Stage 3: RLM Codebase Analysis
File: src/modules.ts → CodebaseConventionExtractor
The serialized tree — prepended with ARCHITECTURE CONSTRAINTS from Stage 2 — is passed to an AxAgent configured as a Reasoning Language Model (RLM). The RLM agent uses a JavaScript runtime to iteratively search and analyze the context over multiple passes (controlled by the -i flag).
This stage uses the primary model (e.g., gpt-4o, gpt-5.2) for strong reasoning capabilities. It extracts 17 structured fields including project overview, tech stack, directory structure, architecture patterns, code style, and more. The awarenessContext is passed as an explicit input to enforce the constraints.

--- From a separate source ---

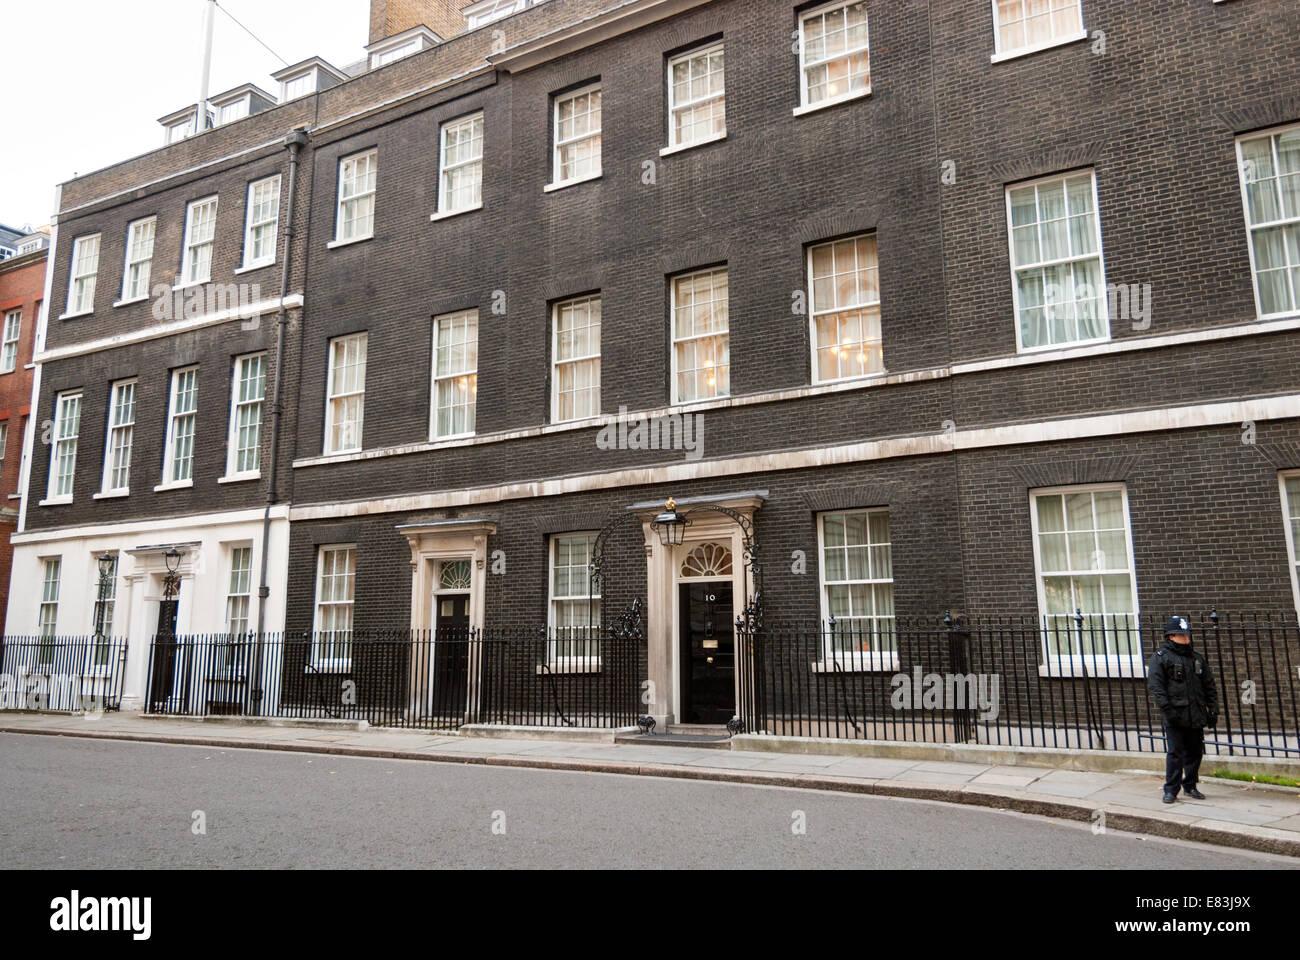 10 Downing Street London England UK - Stock Image

See RLM Agent for a deep dive.
Stage 4: Conventions Compilation
File: src/modules.ts → compileMarkdown()
A standard Chain-of-Thought agent takes the 17 extracted fields and the awarenessContext and compiles them into a single, cohesive Markdown document. This stage also uses the primary model to ensure accurate synthesis. The output is mandated to align with the ARCHITECTURE CONSTRAINTS.
Stage 5: Section Extraction
File: src/modules.ts → AgentsMdCreator
The compiled Markdown and awarenessContext are passed to a final Chain-of-Thought agent that splits it into the 17 standardized AGENTS.md sections with proper headers. This stage uses the mini model (e.g., gpt-4o-mini) since it's a simpler, more deterministic task.
Dual-Model Architecture
Sylva uses two model instances to optimize for both quality and cost:
| Stage | Model Tier | Rationale |
|---|---|---|
| Framework Awareness | None (deterministic) | No AI needed — scans manifests directly |
| RLM Analysis | Primary (e.g., gpt-4o) |
Needs strong reasoning to avoid hallucination |
| Conventions Compilation | Primary | Must accurately synthesize complex analysis |
| Section Extraction | Mini (e.g., gpt-4o-mini) |
Simple formatting task, cheaper and faster |
When you specify -m openai/gpt-4o, Sylva automatically selects gpt-4o-mini as the mini model for that provider.